A word-for-word copy of the listing is required, and it must contain no pictures.
***** Information provided *****
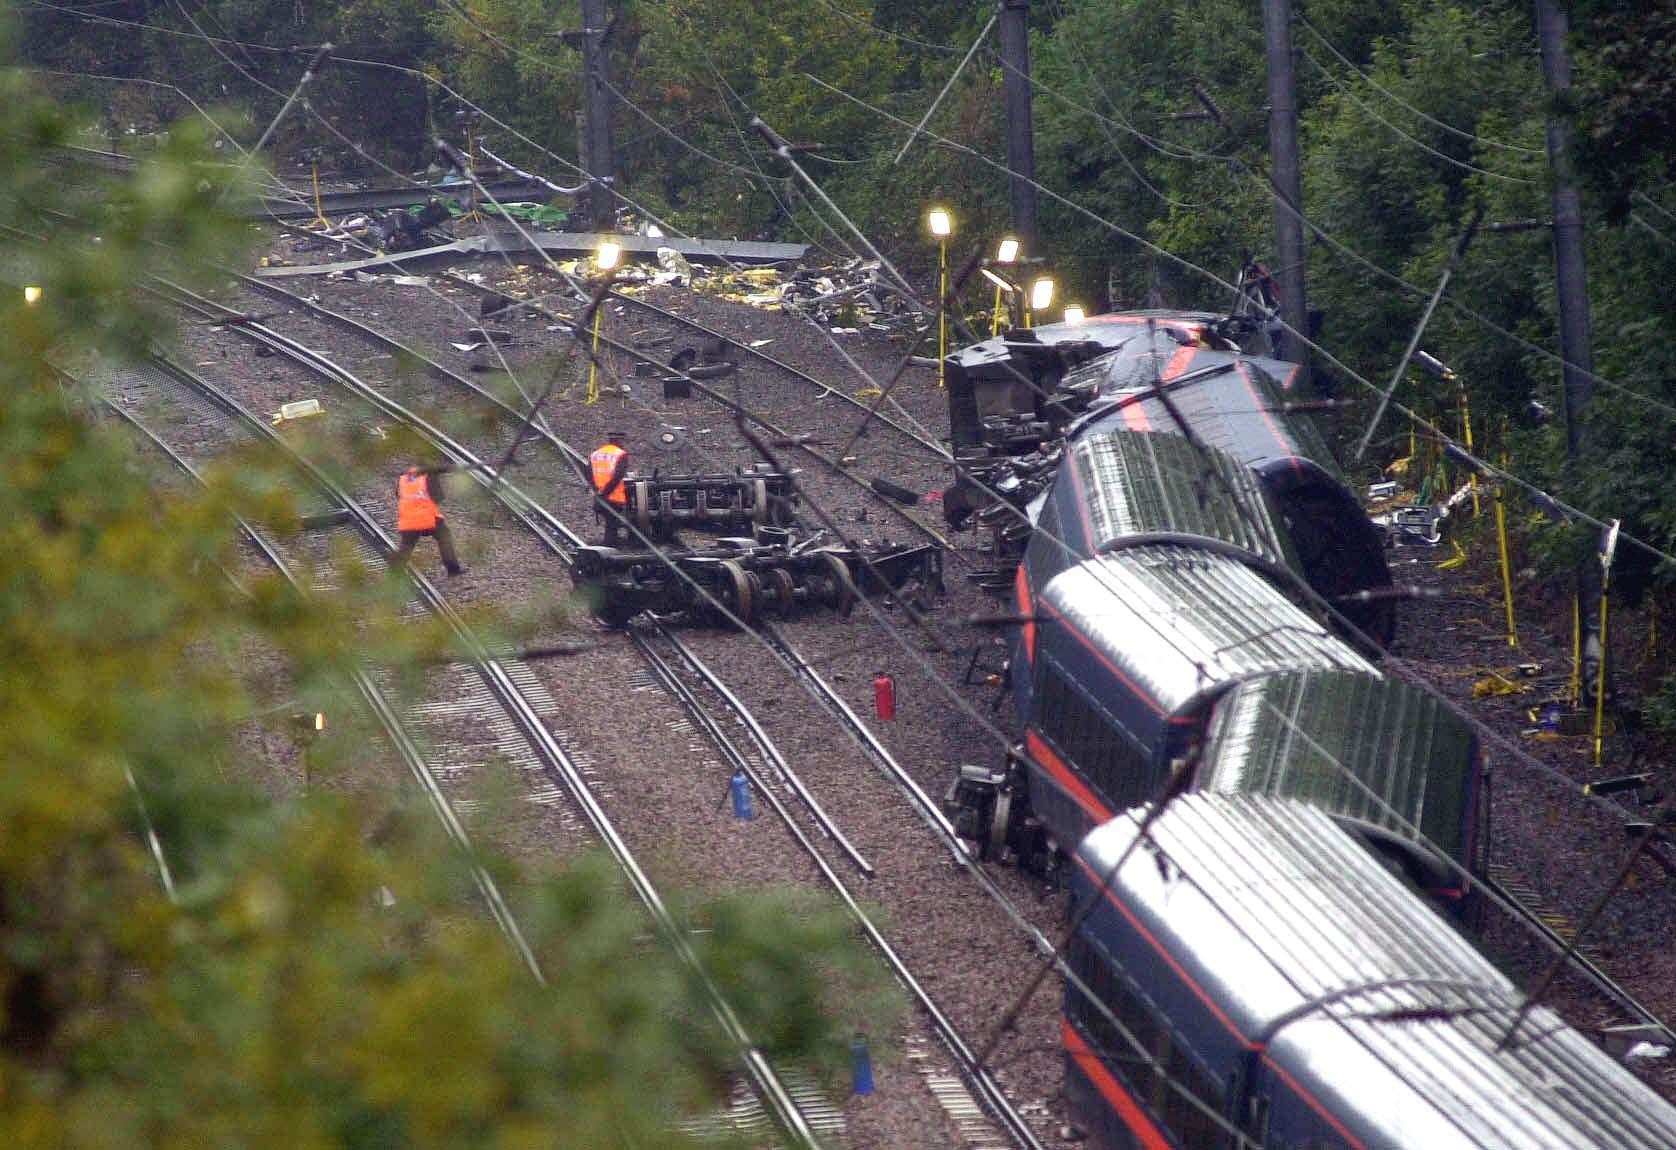 Four passengers were killed when the train derailed on October 17 2000 (Stefan Rousseau/PA)
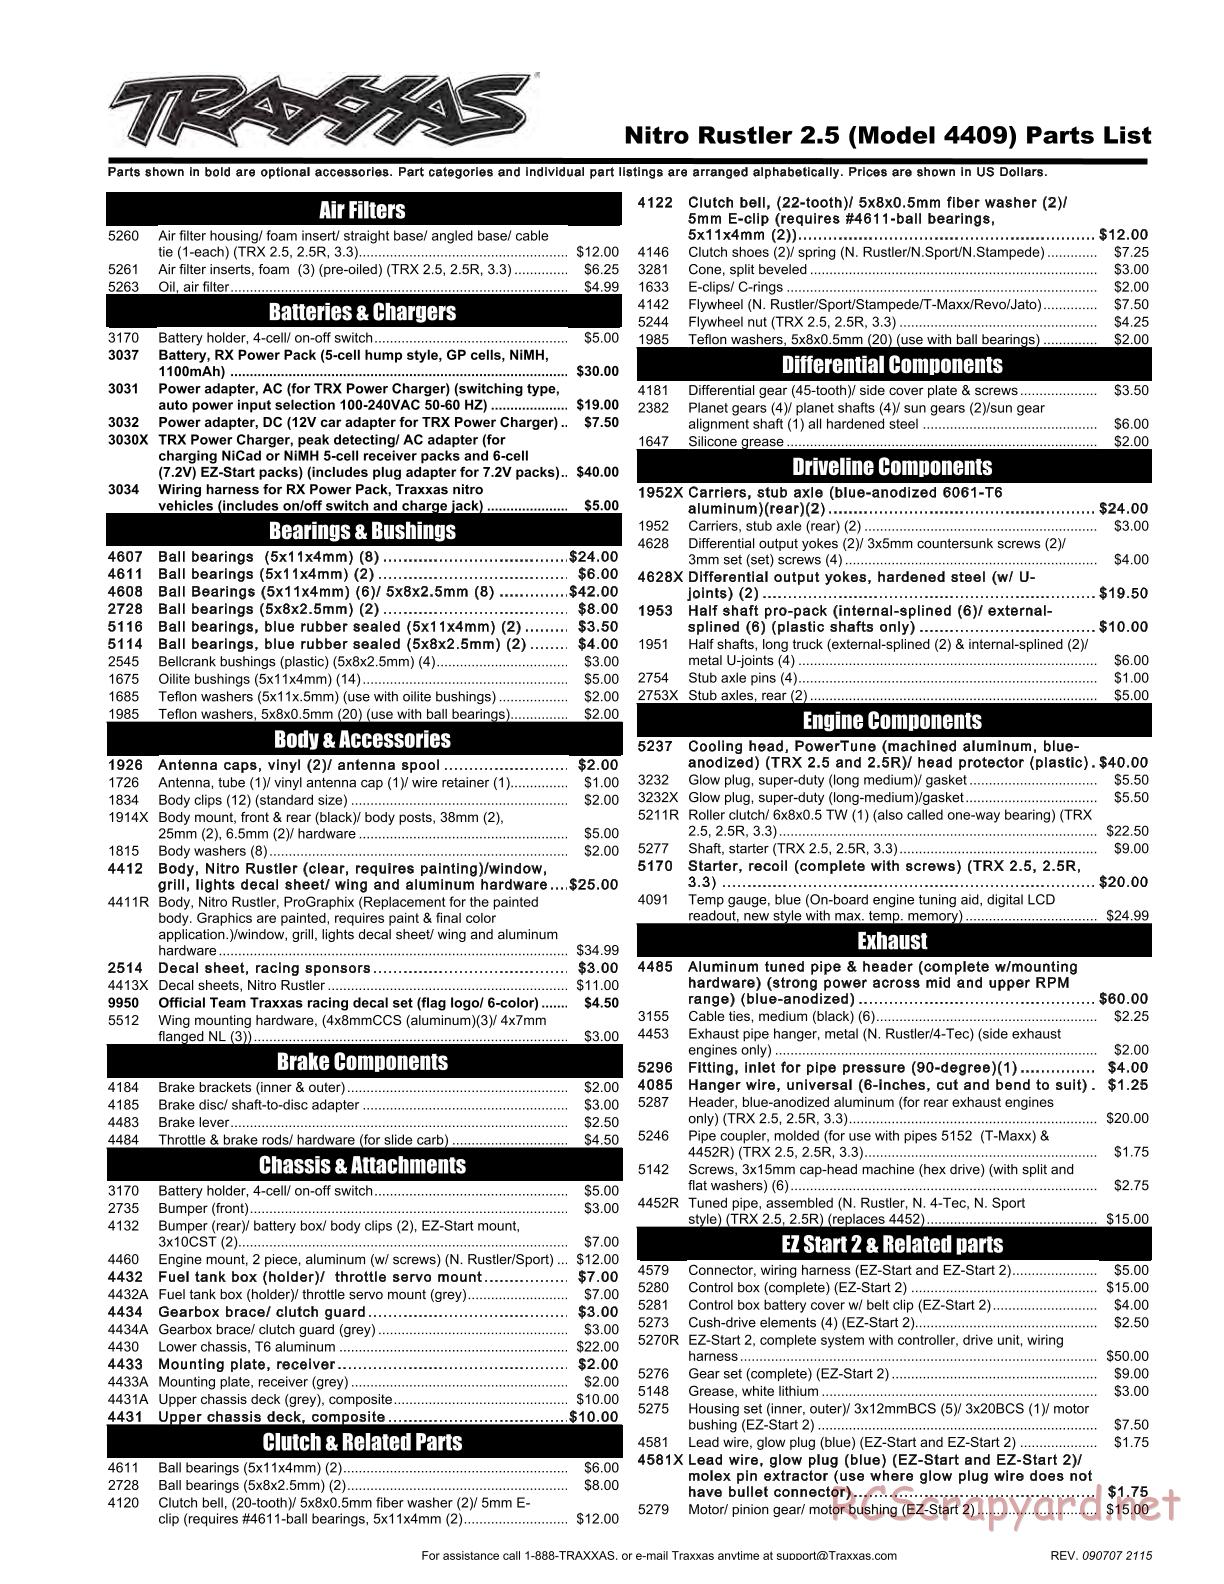 Traxxas - Nitro Rustler (2012) - Parts List - Page 1
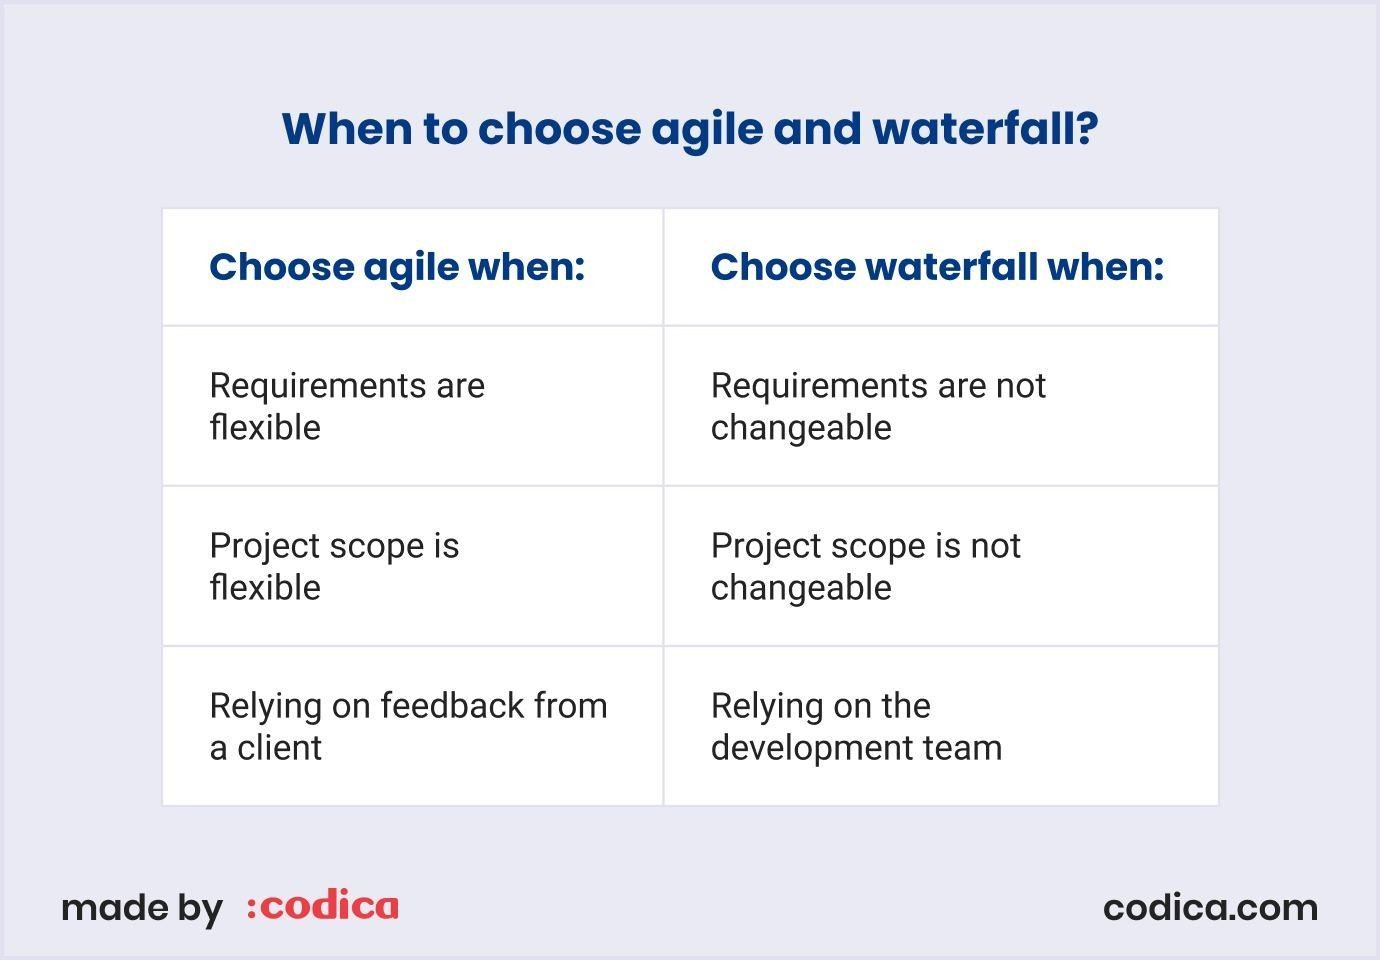 The agile vs waterfall software development models
*****
• [Result of this exercise]
 Four passengers were killed when the train derailed on October 17 2000 (Stefan Rousseau/PA)
 Traxxas - Nitro Rustler (2012) - Parts List - Page 1
 The agile vs waterfall software development models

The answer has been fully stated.